We had a great all-day R workshop on campus today, and I learned quite a bit. I’d struggled in the past when trying to learn R on my own with parsing data sets and trying to do things with R that I’m very used to doing with SQL (such as filtering results given conditions, like with a WHERE clause.).
I was surprised, and happy to learn in our workshop about the R package sqldf which lets you use SQL syntax against data frames. Very cool stuff.. Unfortunately, I noticed it was dog-slow, at least on the mediums sized (200k rows) data set I used. We also learned a bit about the dplyr package, which seems to have very similar functionality but with a bit of a steeper learning curve (for me, at least) than the sqldf package.

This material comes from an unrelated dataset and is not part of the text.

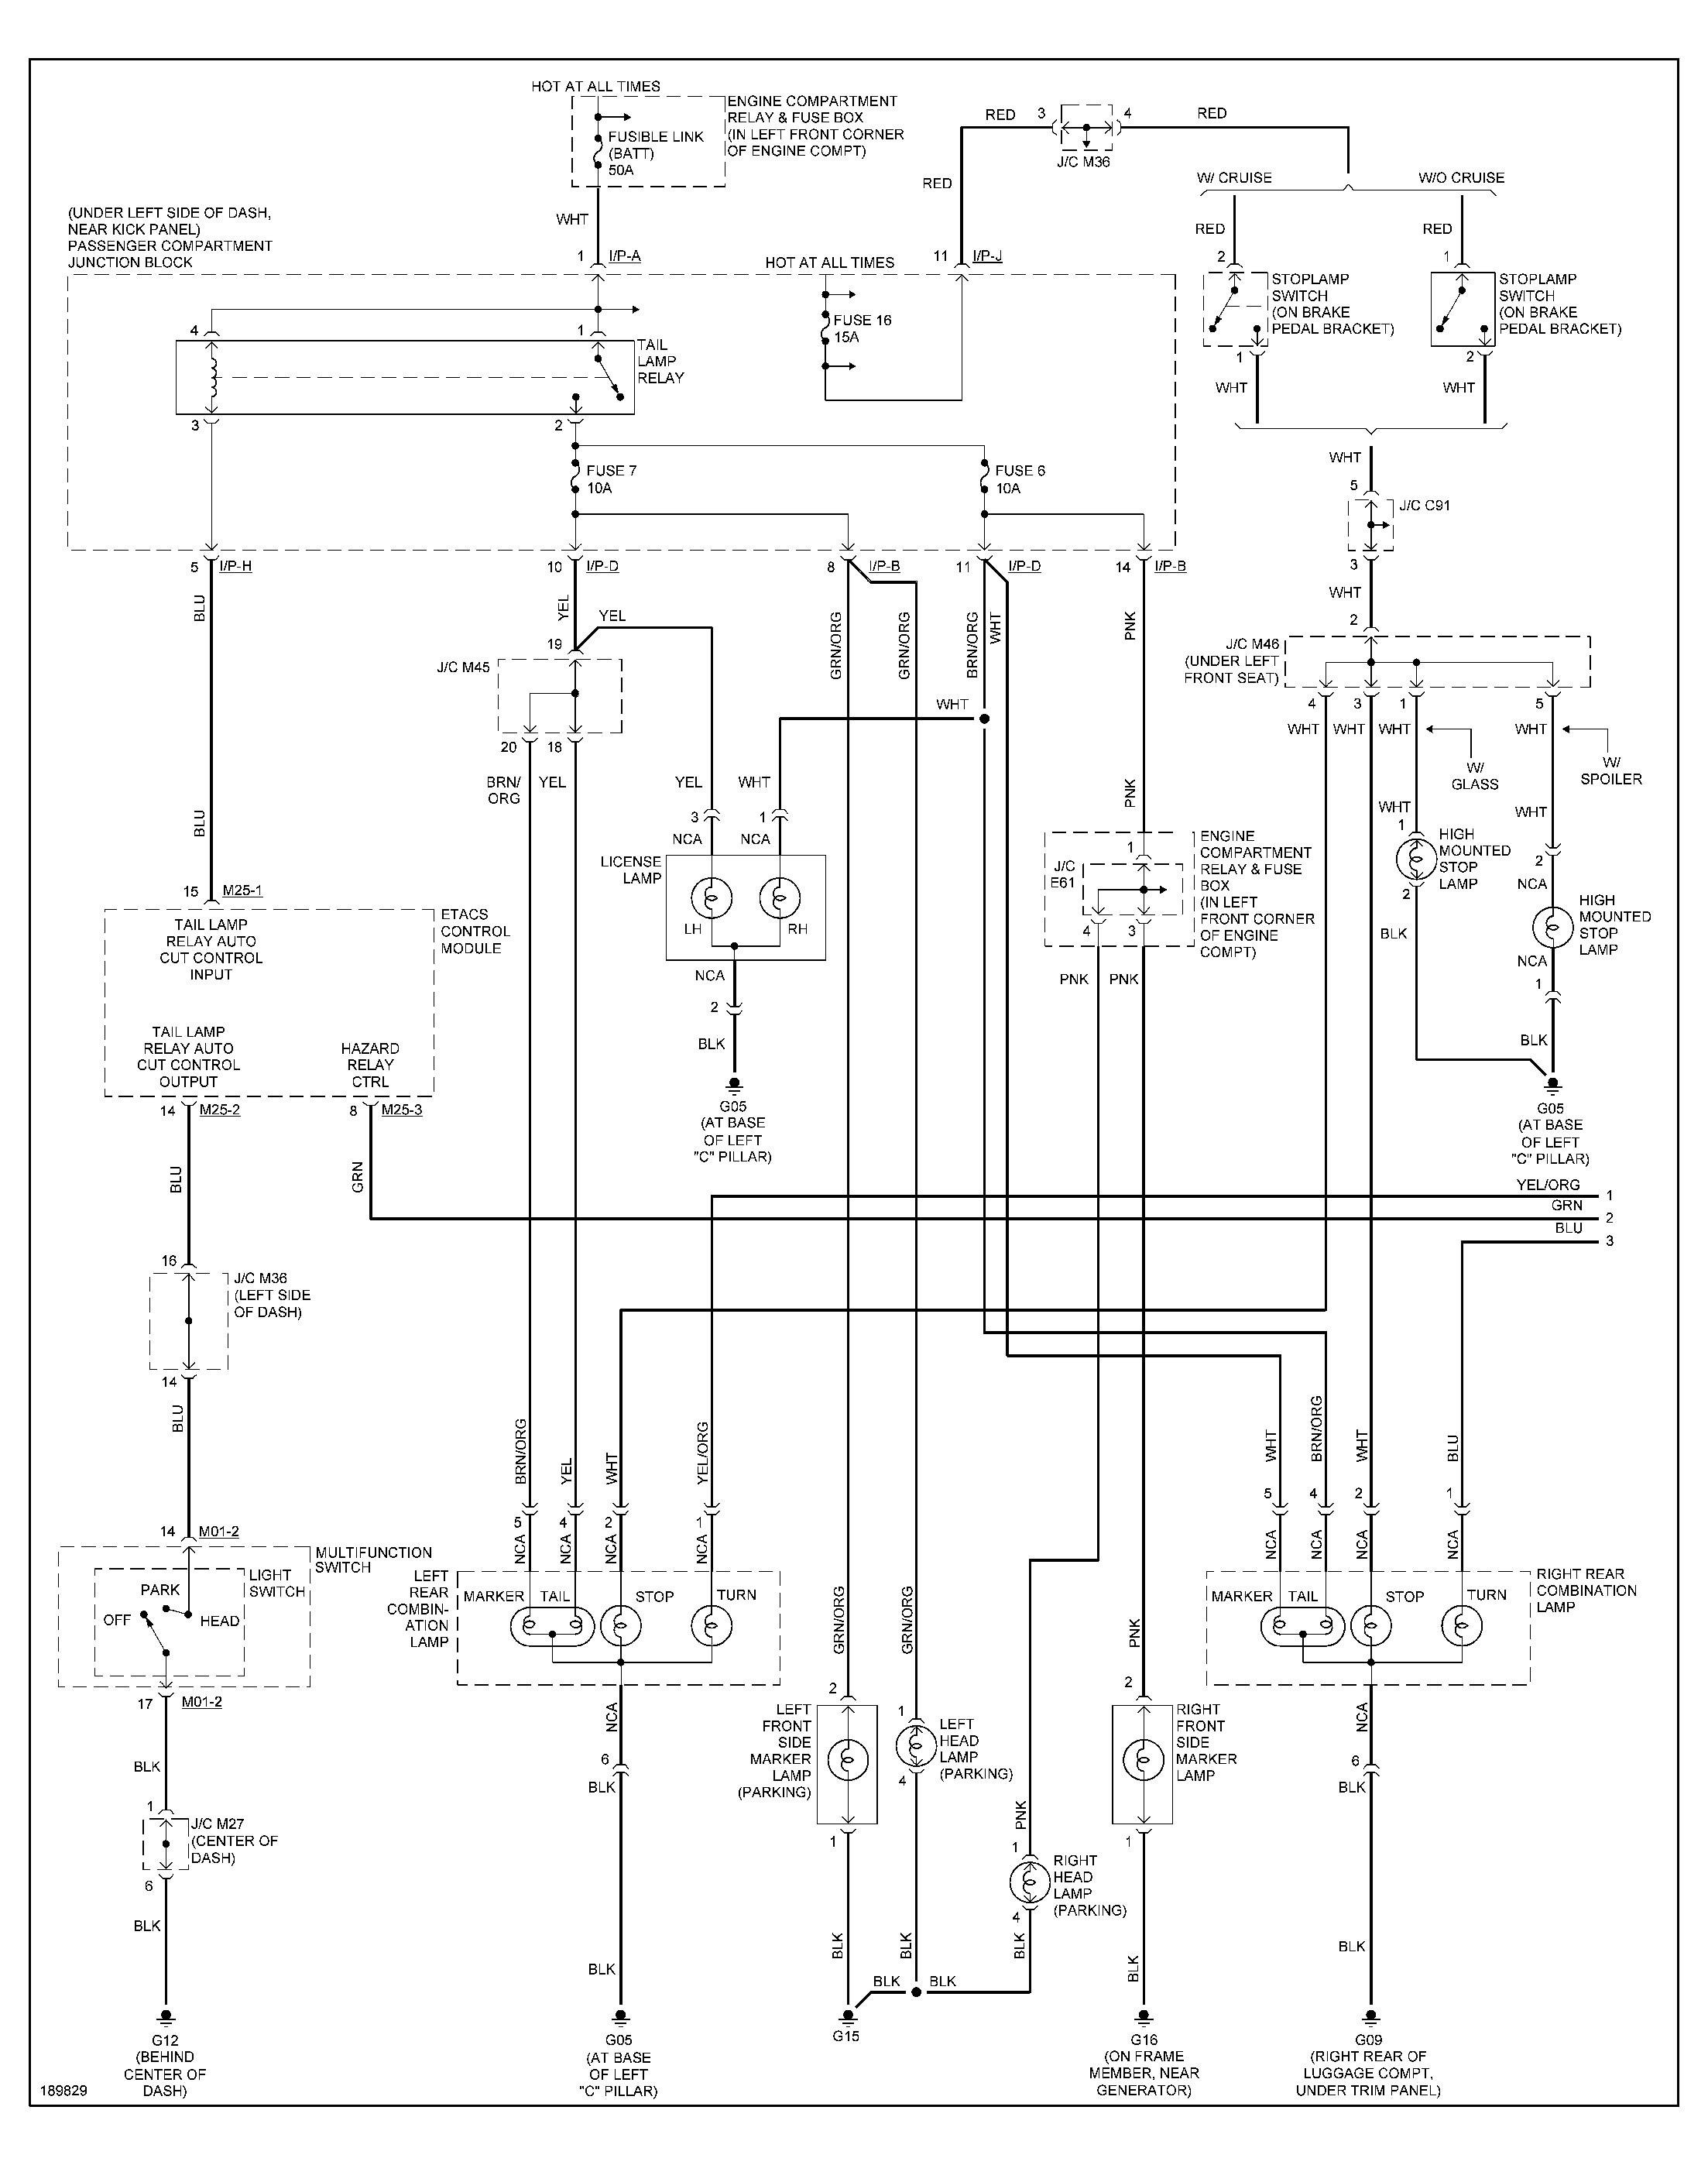 Hyundai Accent Engine Diagram Car 04 Hyundai Accent Engine Diagram Wiring Diagram Hyundai Accent Of Hyundai Accent Engine Diagram

> ptm <- proc.time() > sqldf_results <- sqldf("SELECT * FROM hflights where Origin = 'IAH'") > proc.time() - ptm user system elapsed 1.091 0.053 1.142
> ptm <- proc.time() > tbldf_results <- tbl_df(hflights) %.% filter(Origin=="IAH") > proc.time() - ptm user system elapsed 0.027 0.007 0.034
dplyr was ~33x faster on this data set. As much as I’d love to re-use my rather extensive SQL knowledge, I think it’s time to learn a bit more about the in’s and out’s of dplyr.